Relegation and promotion playoffs – a consistently contentious issue
Royal AM FC celebrate their win after the GladAfrica Championship 2020/21 game against Cape Town All Stars at Chatsworth Stadium on 23 May 2021. © Steve Haag/BackpagePix

The South African football season is near its conclusion, and once again the issue of relegation/promotion has come to the fore. Will they ever be scrapped?

While the Premier Soccer League (PSL) scrambles to resolve the issue of crowning a GladAfrica Championship champion, the matter of the relegation and promotion playoffs is in the spotlight once again.

Consistently, as the season draws to a close, and both the DStv Premiership and Championship logs begin to take shape for that specific season, talk turns to the merits of having promotion/relegation playoffs.

Under the current format, the team that finishes last in the top-flight falls down to the Championship automatically, and the team that finishes first in the second tier is propelled straight to the Premiership.

The playoffs then see the team that finishes 15th in the top-flight fight it out with the teams that finish second and third in the Championship in a round-robin group format.

The team that accumulates the most points during that phase either retains its Premiership status, or a new team is promoted.  

At a recent appearance by South Africa football custodians before the Department of Sport’s oversight committee, PSL chairperson Irvin Khoza explained the logic behind having the playoffs as opposed to the ideal situation of two teams suffering relegation and two others gaining automatic promotion.

“The ideal situation is supposed to be two down and two up. But when we configured the PSL in 1996, there was a lot of give and take, a lot of sacrifices to make sure that the league is viable and the funding model is viable.
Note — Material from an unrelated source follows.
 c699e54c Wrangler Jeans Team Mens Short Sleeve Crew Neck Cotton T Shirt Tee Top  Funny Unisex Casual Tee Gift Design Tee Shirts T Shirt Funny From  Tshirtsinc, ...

Because not all the clubs at that point in time were marketable, to get sponsors. We had to find a way of how best to create an exciting, competitive league,” said Khoza

“Fast forward to [today], the league spends R114-million in subsidising the first division… If you want that ideal situation, it means everybody must fend for themselves. You can’t go and subsidise and at the same time be disadvantaged. So that is a bit of a tricky situation”.
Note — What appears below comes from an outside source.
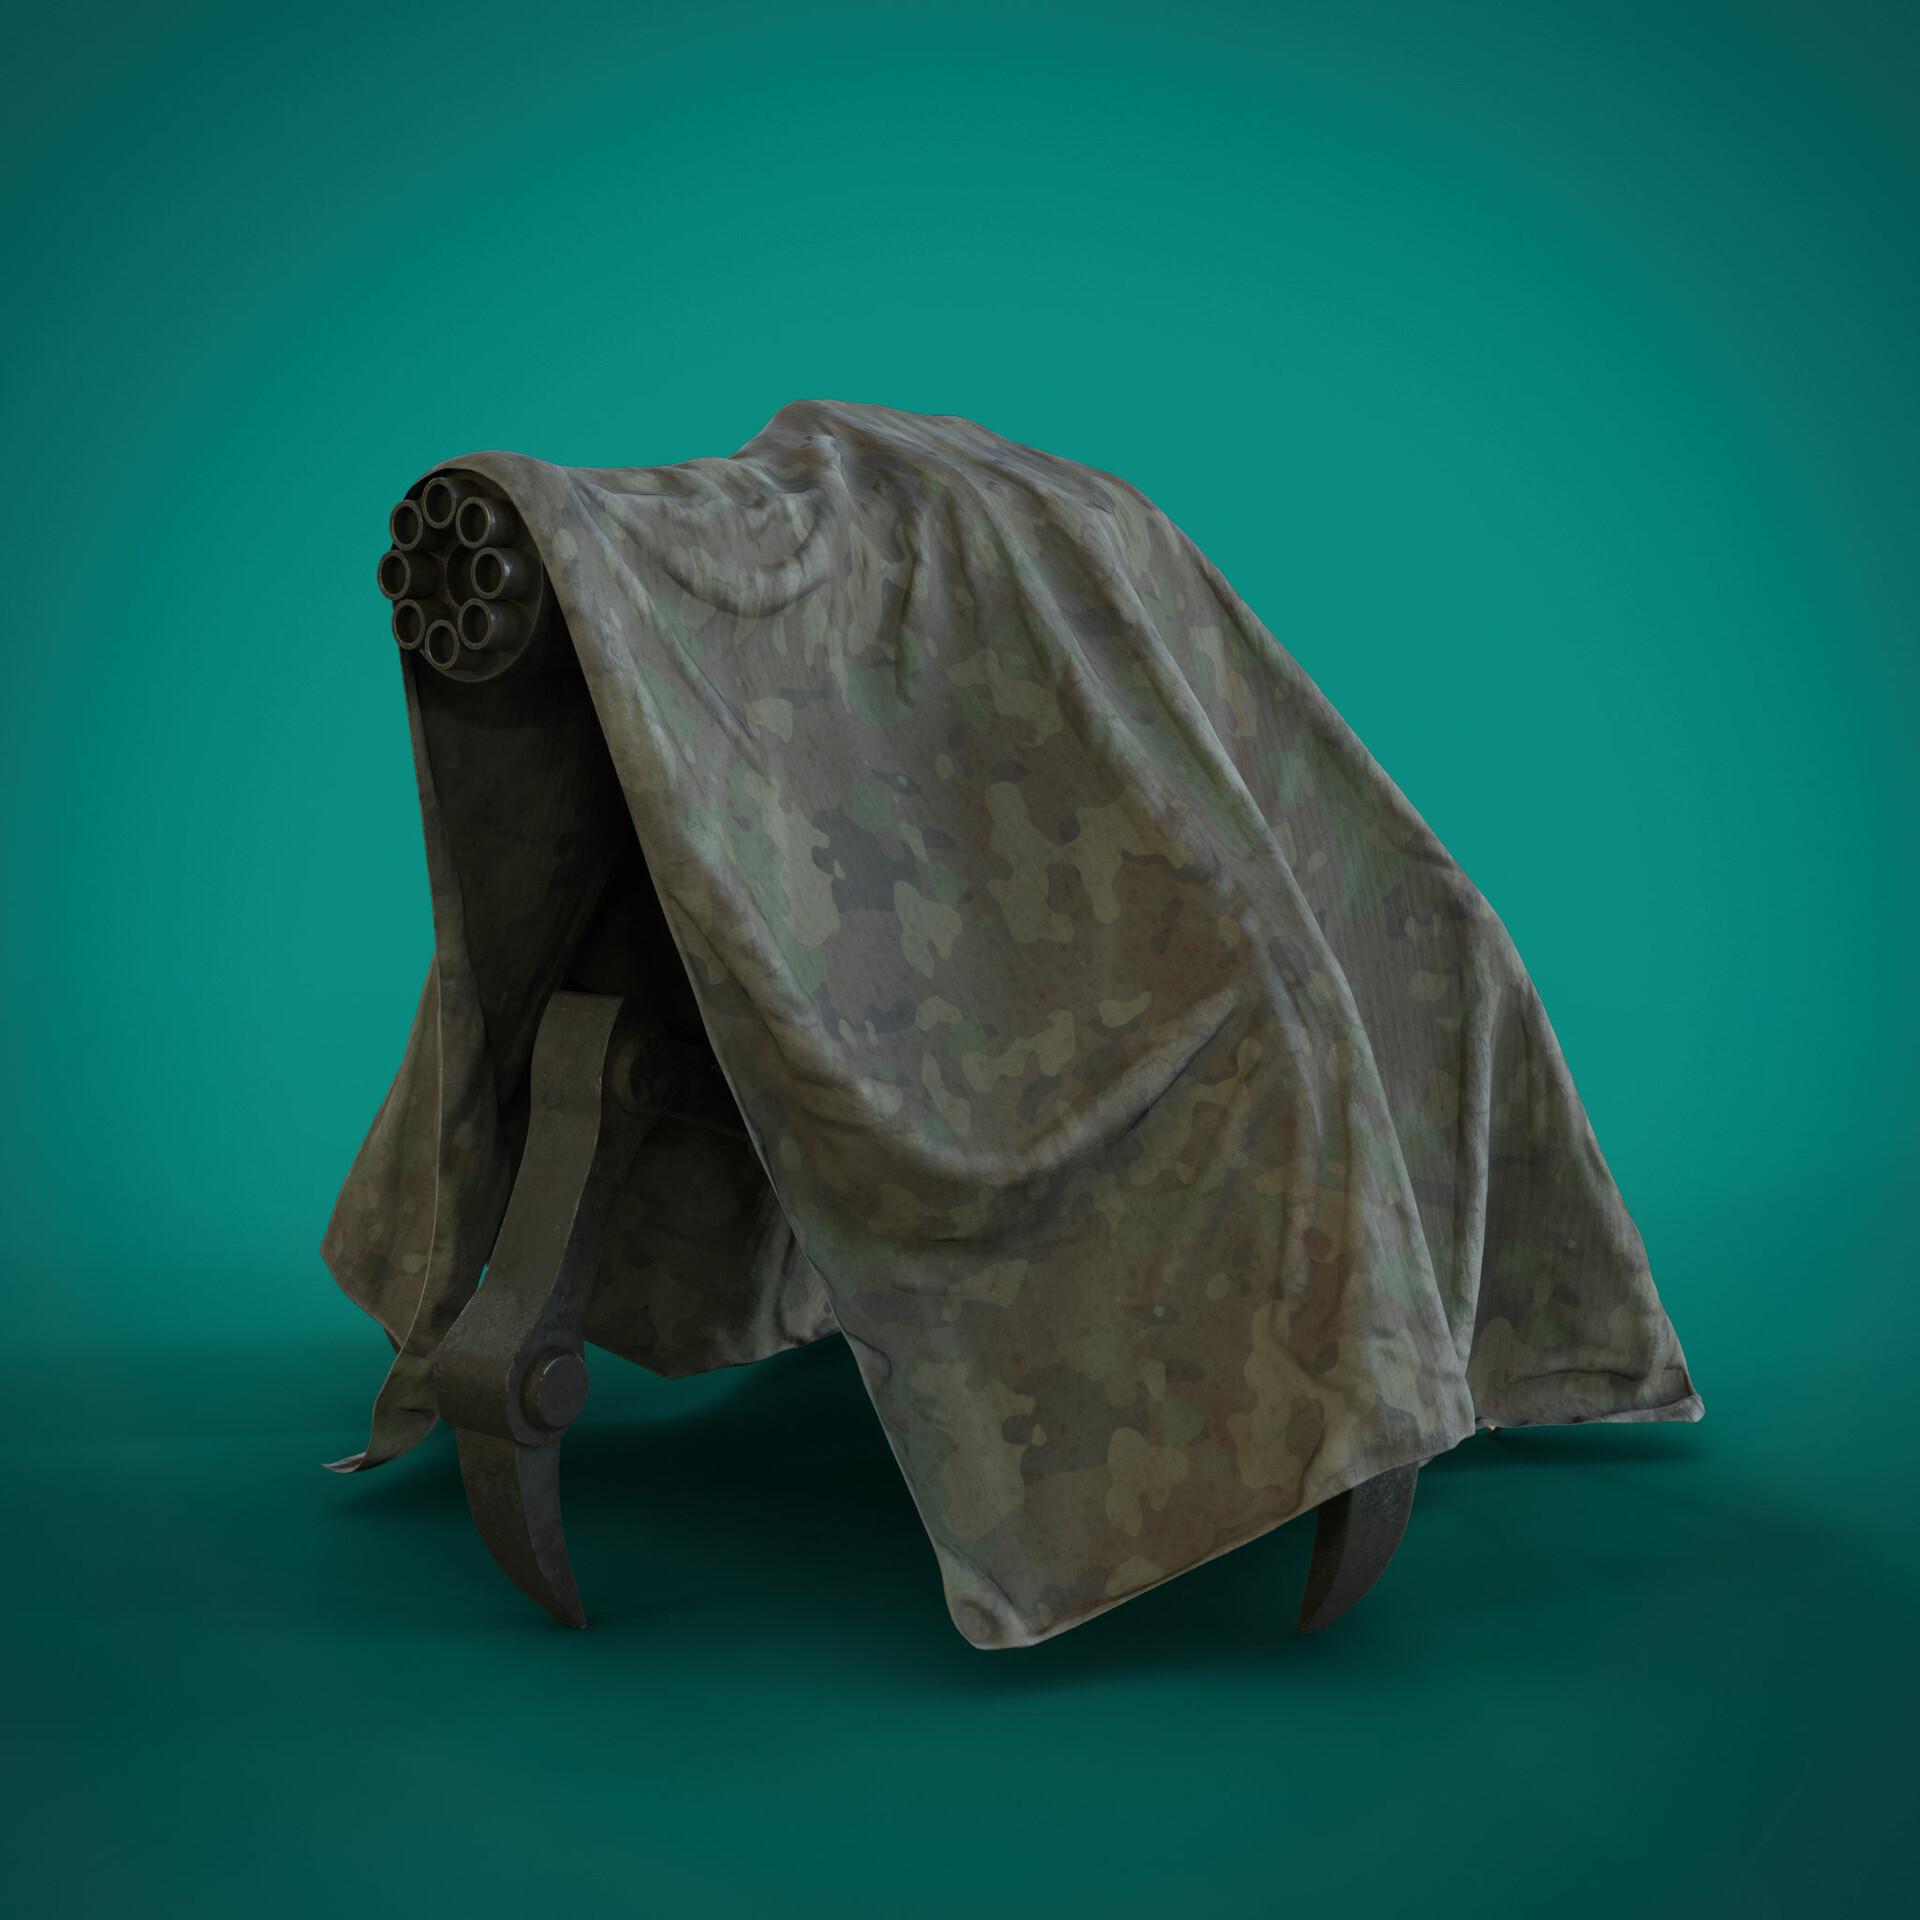 Chaingun mech - Buy Royalty Free 3D model by Hamidreza

Both the teams that make up the Premiership, as well as the Championship, receive grants from the PSL.

These grants are pulled from the funds that the PSL generates through sponsorship and the selling of broadcast rights. Premiership sides receive a fixed monthly amount of R2.5-million each, while those in the second tier receive R500,000 each.
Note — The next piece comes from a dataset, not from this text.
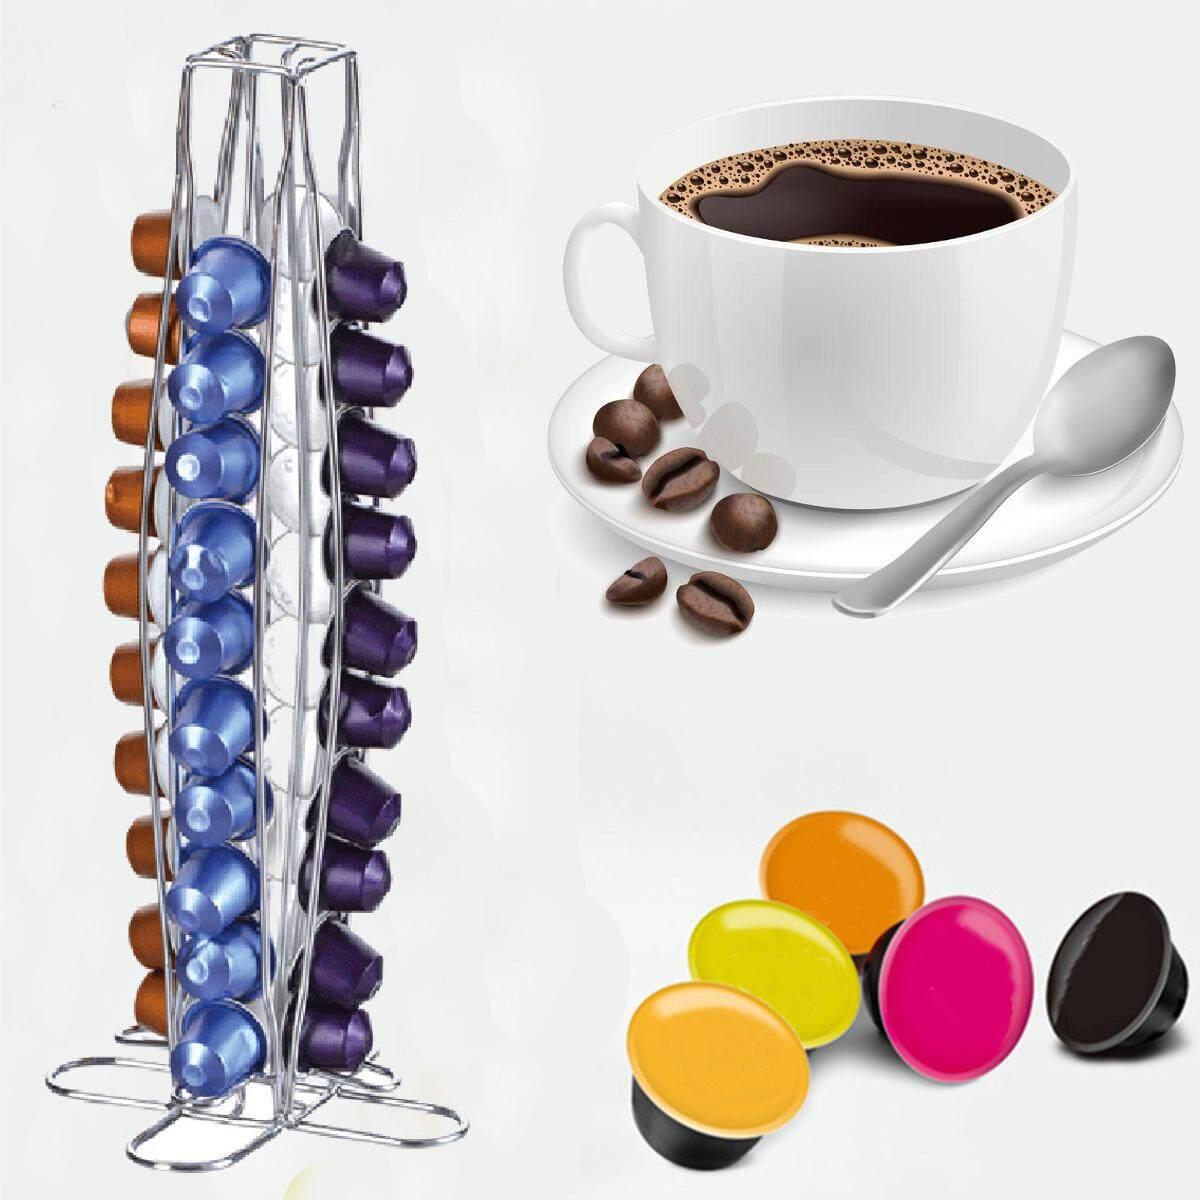 da15c853173 Latest No Brand Coffee Making Accessories Products | Enjoy Huge ...

“That funding model has been understood by members, that relegation/promotion. If you want an ideal situation, it’s important that we do away with the grants, everyone must fend for themselves. You must come there because you are ready and have enough money to look after your promotion and relegation. Not that somebody must fund you,” continued Khoza.

“It’s a reasonable situation. It happens in England, but in a different way. Where there are three automatic relegations, but there are other playoffs. Nobody in the premier division remains because they are self-financing in the first division of the Premier League in England.”

Fair is fair or foul?

The gripe around the playoffs is that they are unfair. A great example of this comes from last season.

Ajax Cape Town, having led the Championship for the bulk of the 2019/20 season, were pipped by Swallows to the solitary automatic promotion spot on goal difference, on the last day of the season.

The Cape Town side ended the season in second and went to the playoffs against third-placed Tshakhuma Tsha Madzivhandila (TTM), and Black Leopards who had finished second-last in the Premiership.

In the playoffs, with their morale undoubtedly down from losing the league in such a manner, they were overpowered and again finished second. Leopards, who are on the cusp of relegation again this season, retained their spot in the top-flight.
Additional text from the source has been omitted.